In this project, you will create a small application that displays data from an RSS feed. The RSS feed will be provided by Yahoo Pipes. The work you do in this project byte is something you will build on throughout this class. This assignment has the following learning goals:

Setting up your environment
A first experience with Python
Learning how to acquire data from an external source
A first experience with the RSS format
A first experience with programmable HTML
A first experience with forms
A first experience setting up a question and deciding what data helps to answer the question.

Detailed instructions for Byte 1

This project requires you to use python and some additional libraries that are available for python. To learn more about Python, you may want to explore www.pythontutor.com. The textbook Introduction to Computing and Programming in Python is an excellent introductory book aimed at non programmers.

Setting Up Pipes

The first part of this assignment involves constructing an RSS feed that provides you with some sort of interesting data. You can in principal write code to do this.

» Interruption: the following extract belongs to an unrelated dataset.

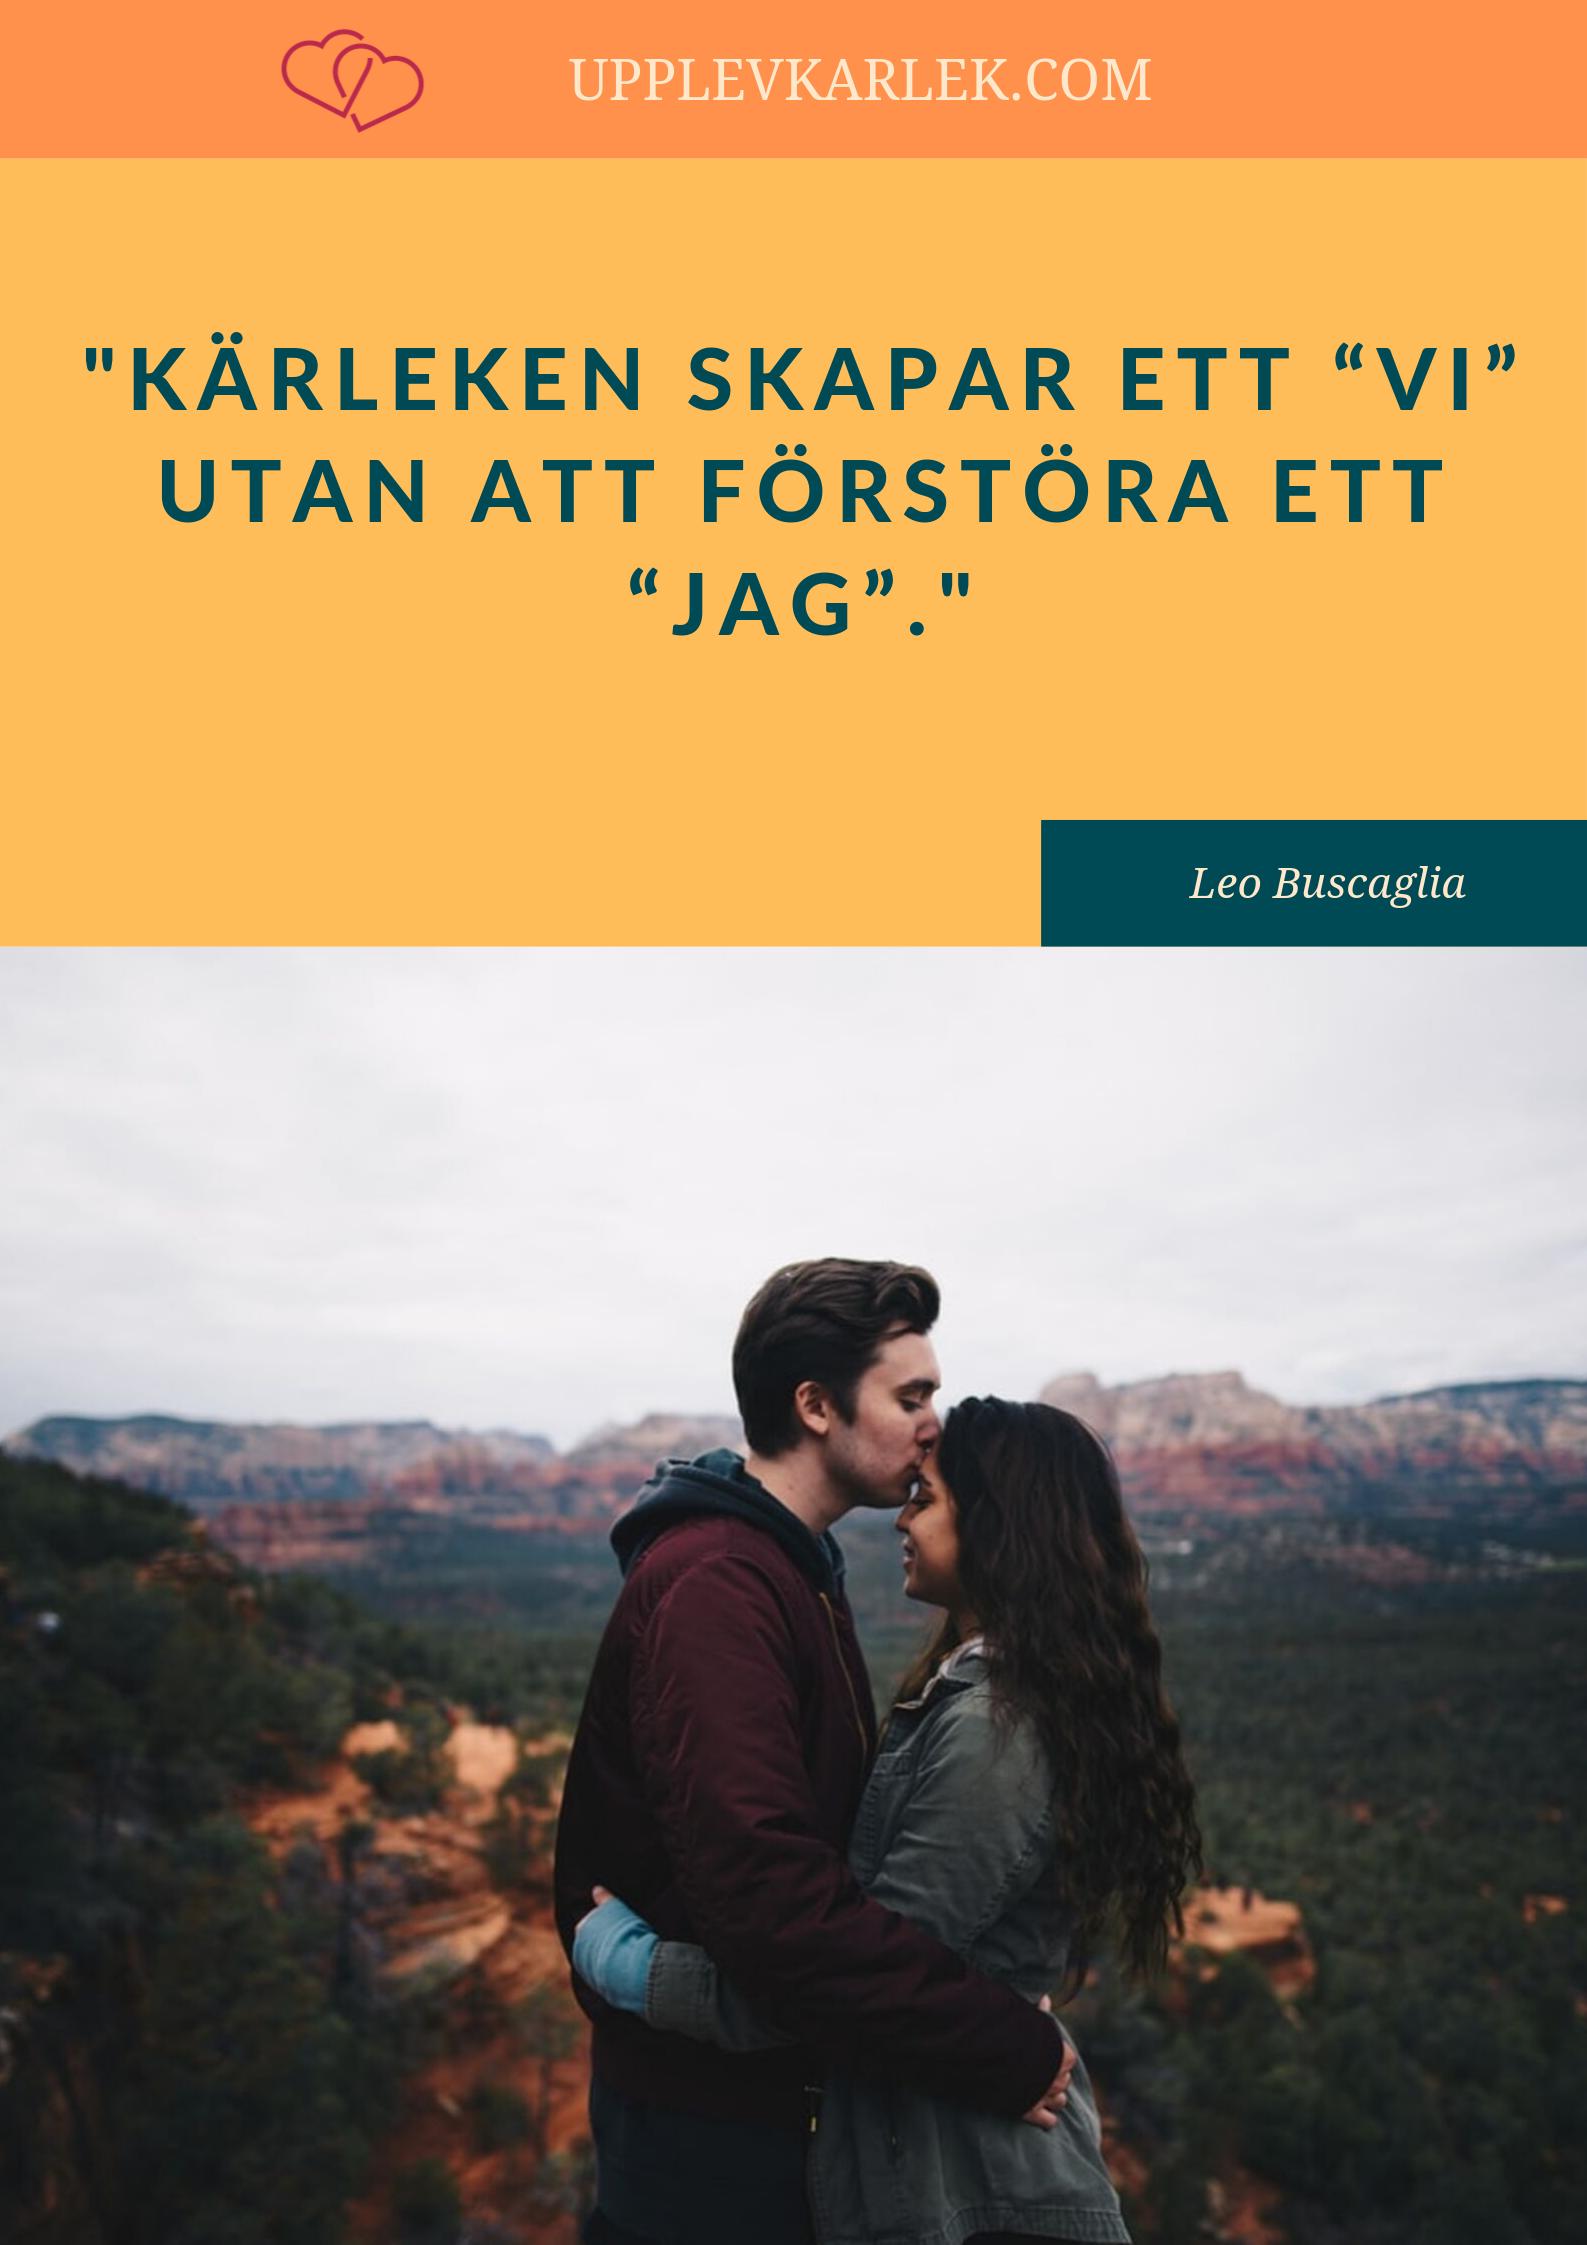 114 Karlek Citat Pa Svenska Karlekscitat Citat Citat Om Lycka Karlek

However, we recommend that you use Yahoo Pipes instead. You are welcome to make your pipes as complex or simple as you please, however, this part of the assignment will be judged on creativity. Please do not use just a pipe someone else created, however. Once you have a pipe you are happy with, make note of the URL for that pipe. For example, this public News Collector in Yahoo will return a list of news items based on a search term. When I load it in my browser I see several options for accessing it:

Later in this assignment, we will use the "Get as RSS" link to access this feed programmatically.

Setting Up Python using Google Apps

Google Apps is a development environment that will let you place your code on the web with relative ease. An excellent "Getting Started" tutorial will walk you through the initial creation of a simple application that displays plain text on the web. Before doing that tutorial please read the notes below.

1) When you create a google web application, you will need a unique identifier for it that no one else on the web has used. A good idea for the assignments in this class is to prefix them with a unique id you choose (you can use your username, but then students grading you may know who you are, an anonymous id is fine too). An example is shown below.

2) The tutorial jumps from application creation to editing files. The files you need to edit will be in a new directory that the google application engine launcher creates in the application directory you specified, and the path is shown in the main launcher window.

I edited the file 'main.py' to show the name of this project.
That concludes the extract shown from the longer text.